### [What this task involves]
From the records below, please print only the lines from the one containing "BayCountyFishing.com" through the one containing "iPhone SE 16GB, 16GB, Space Gray, bild 1", both included. Skip the pictures.

### [Data supplied]
────────────────────

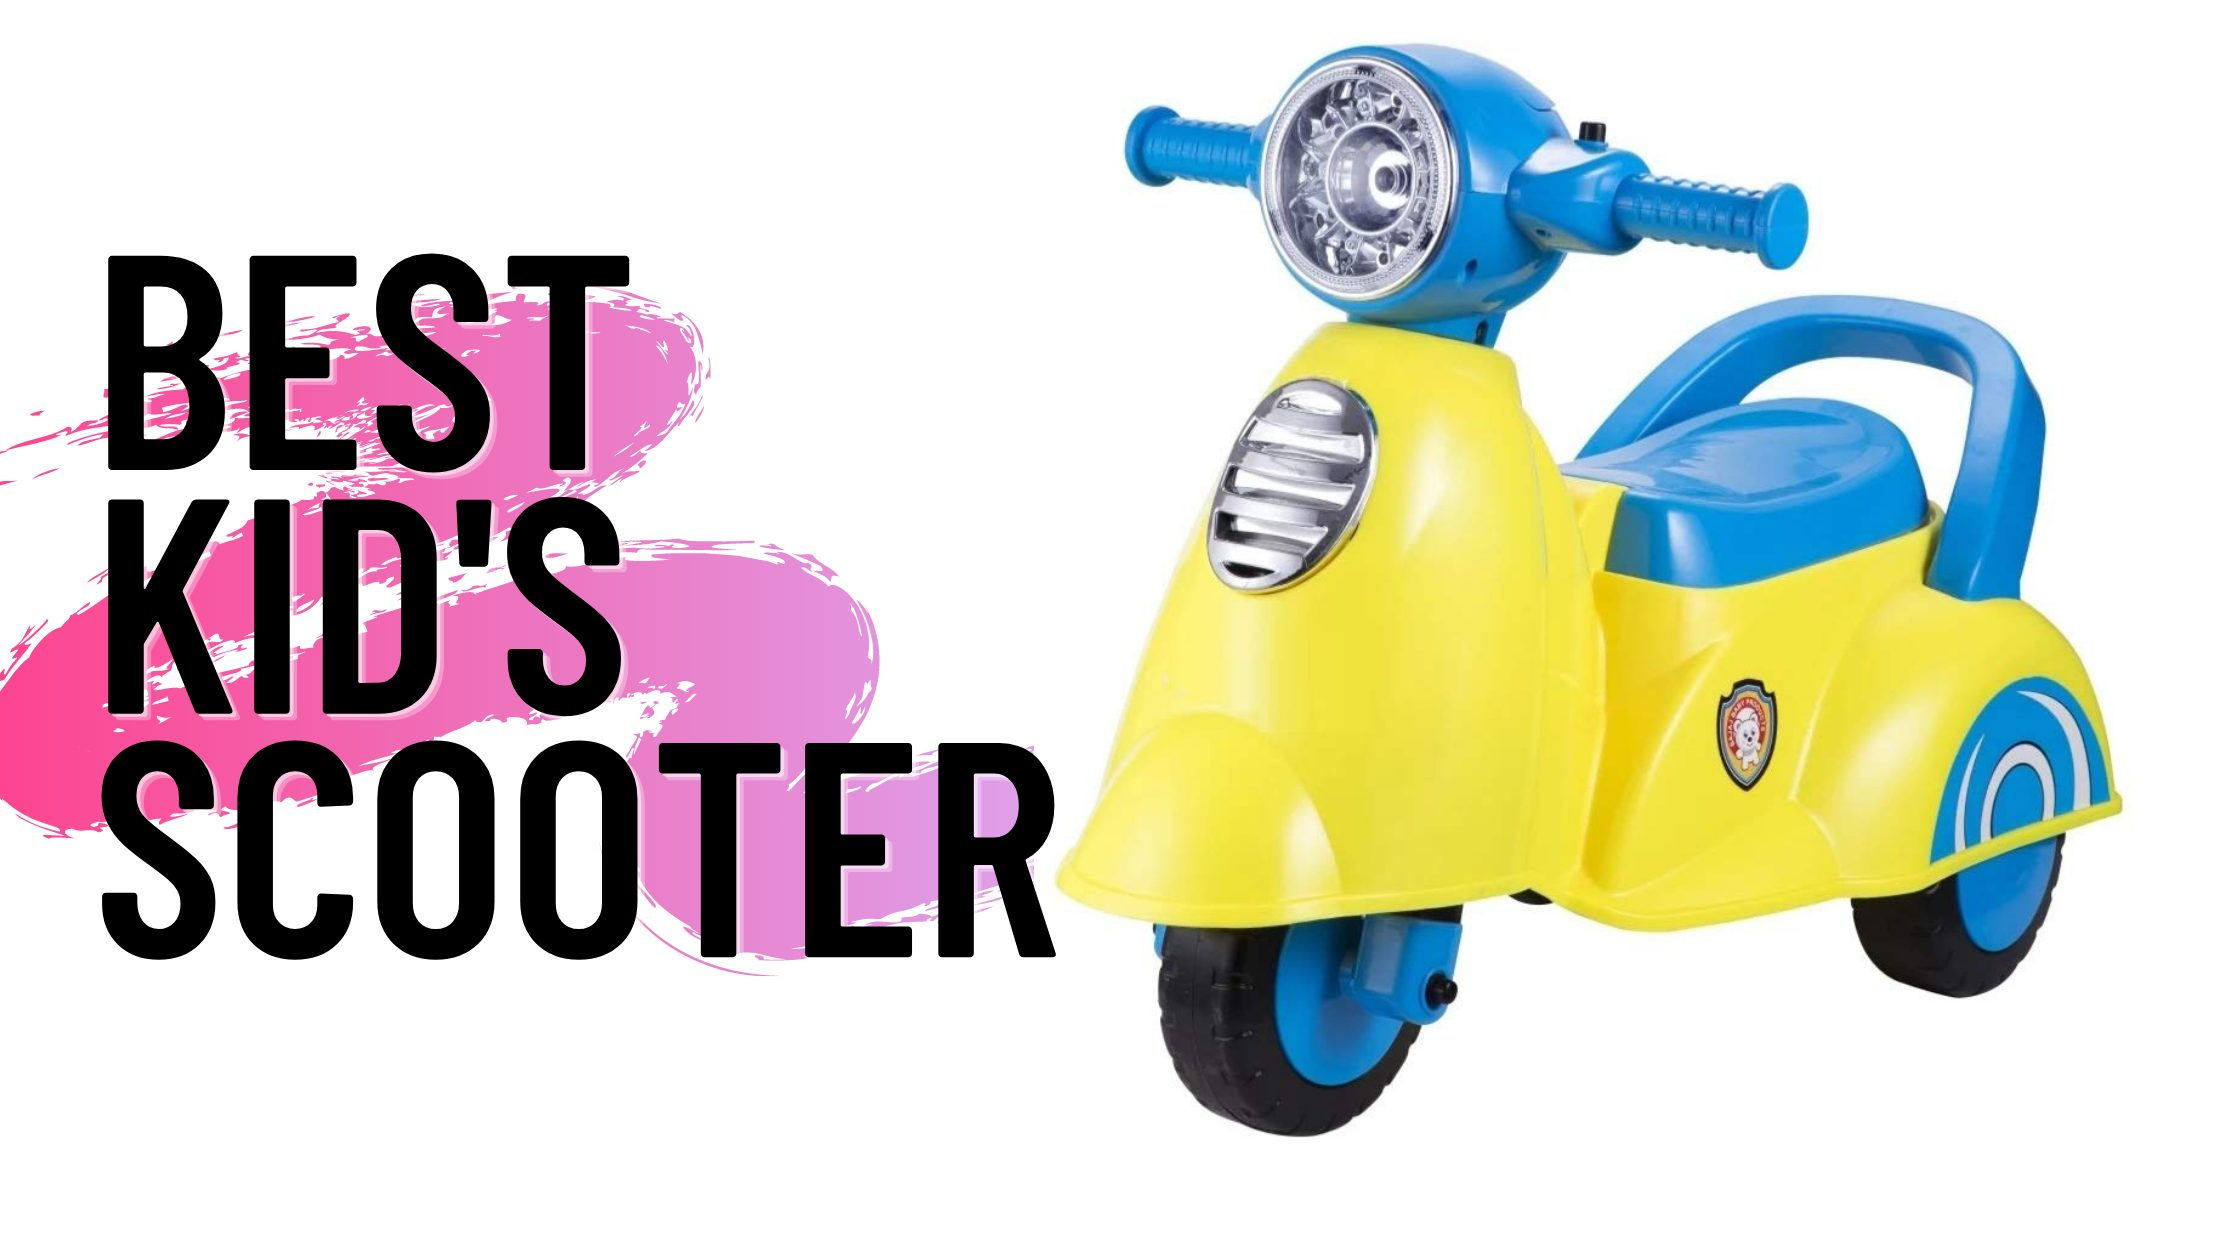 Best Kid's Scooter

────────────────────

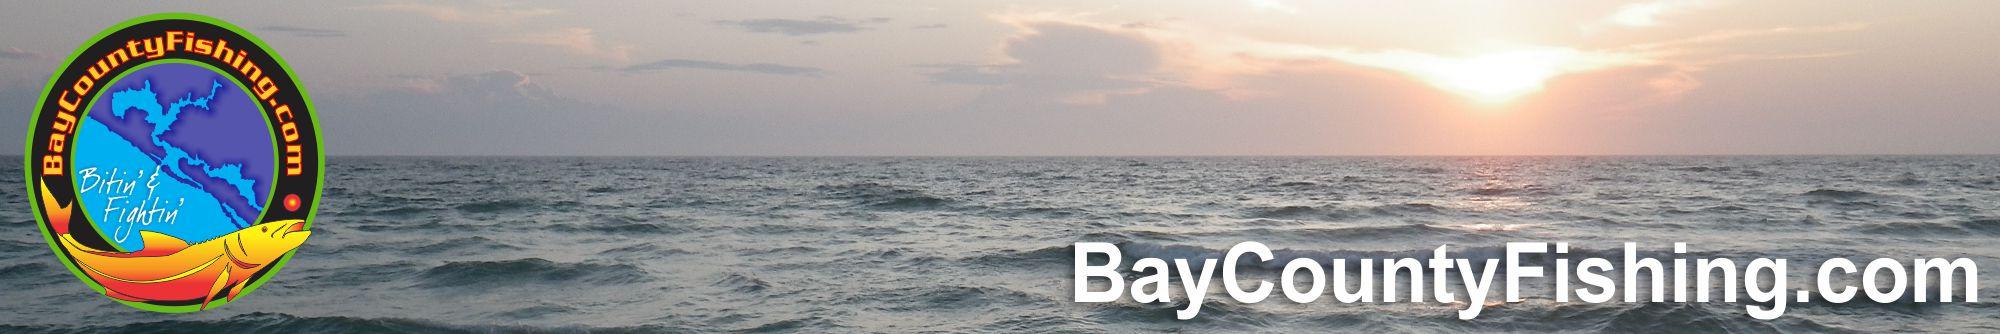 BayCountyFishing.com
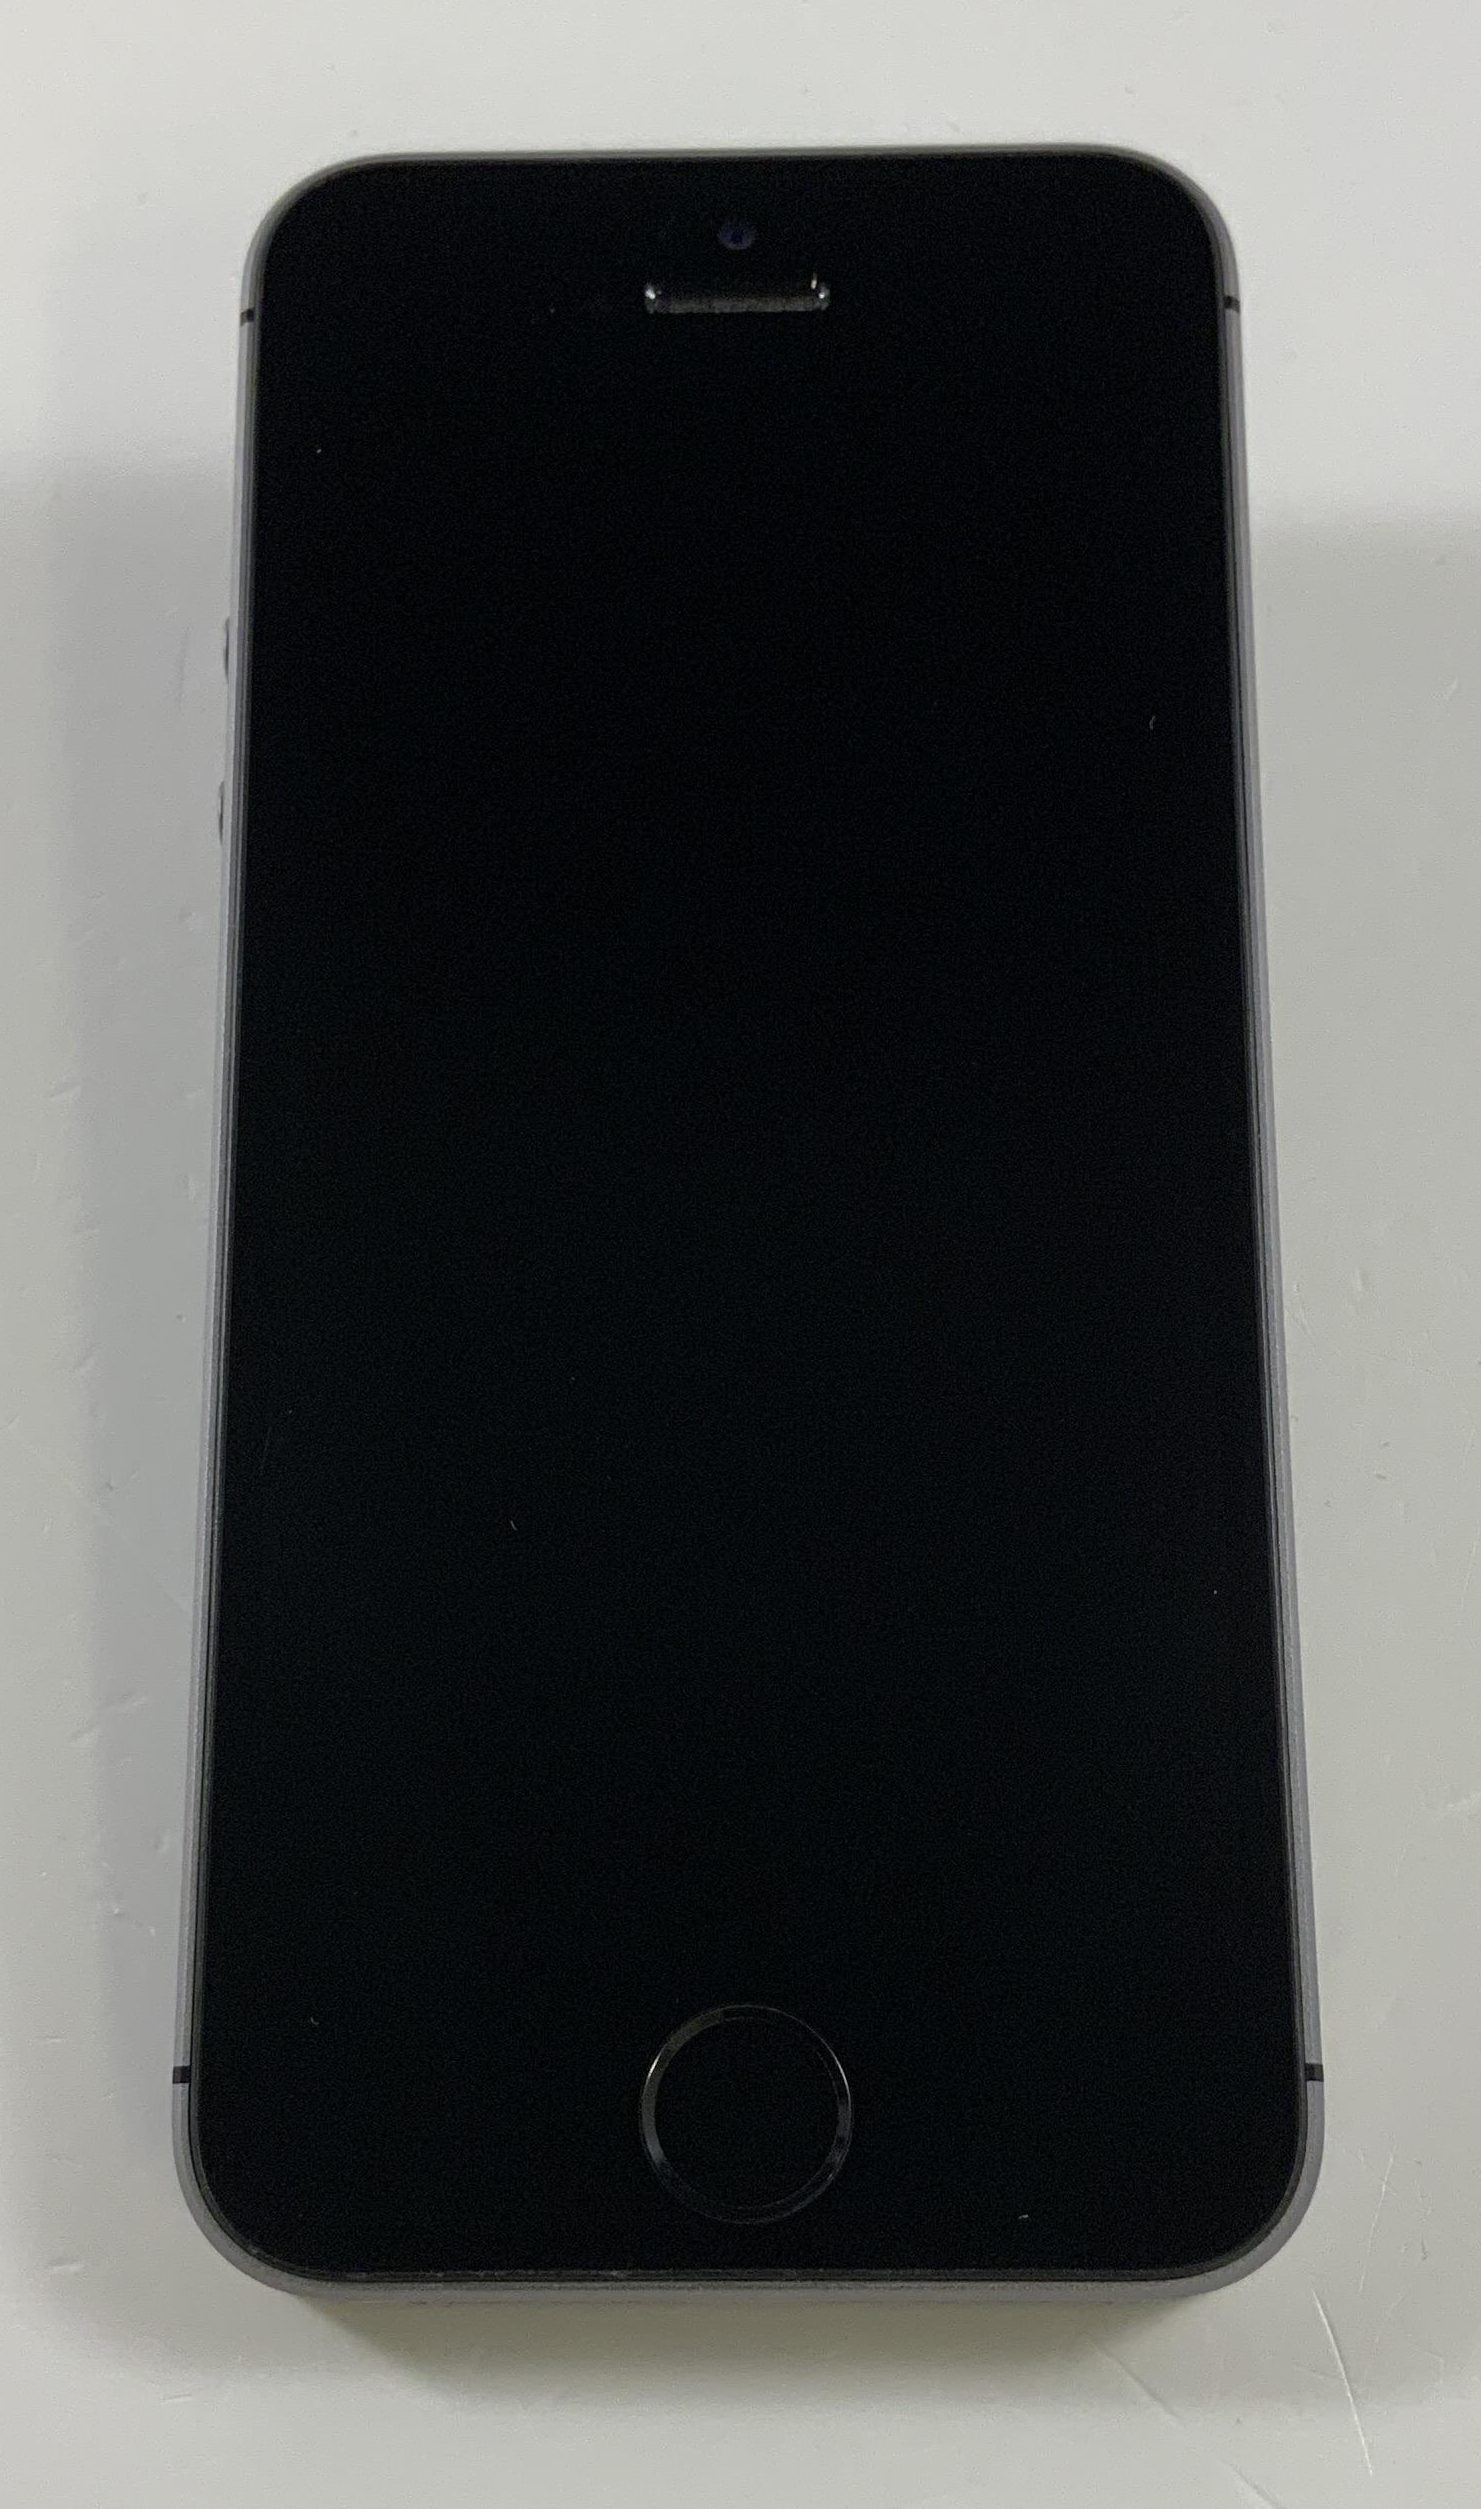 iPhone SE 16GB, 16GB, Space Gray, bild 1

────────────────────

### [Task solution]
 BayCountyFishing.com
 iPhone SE 16GB, 16GB, Space Gray, bild 1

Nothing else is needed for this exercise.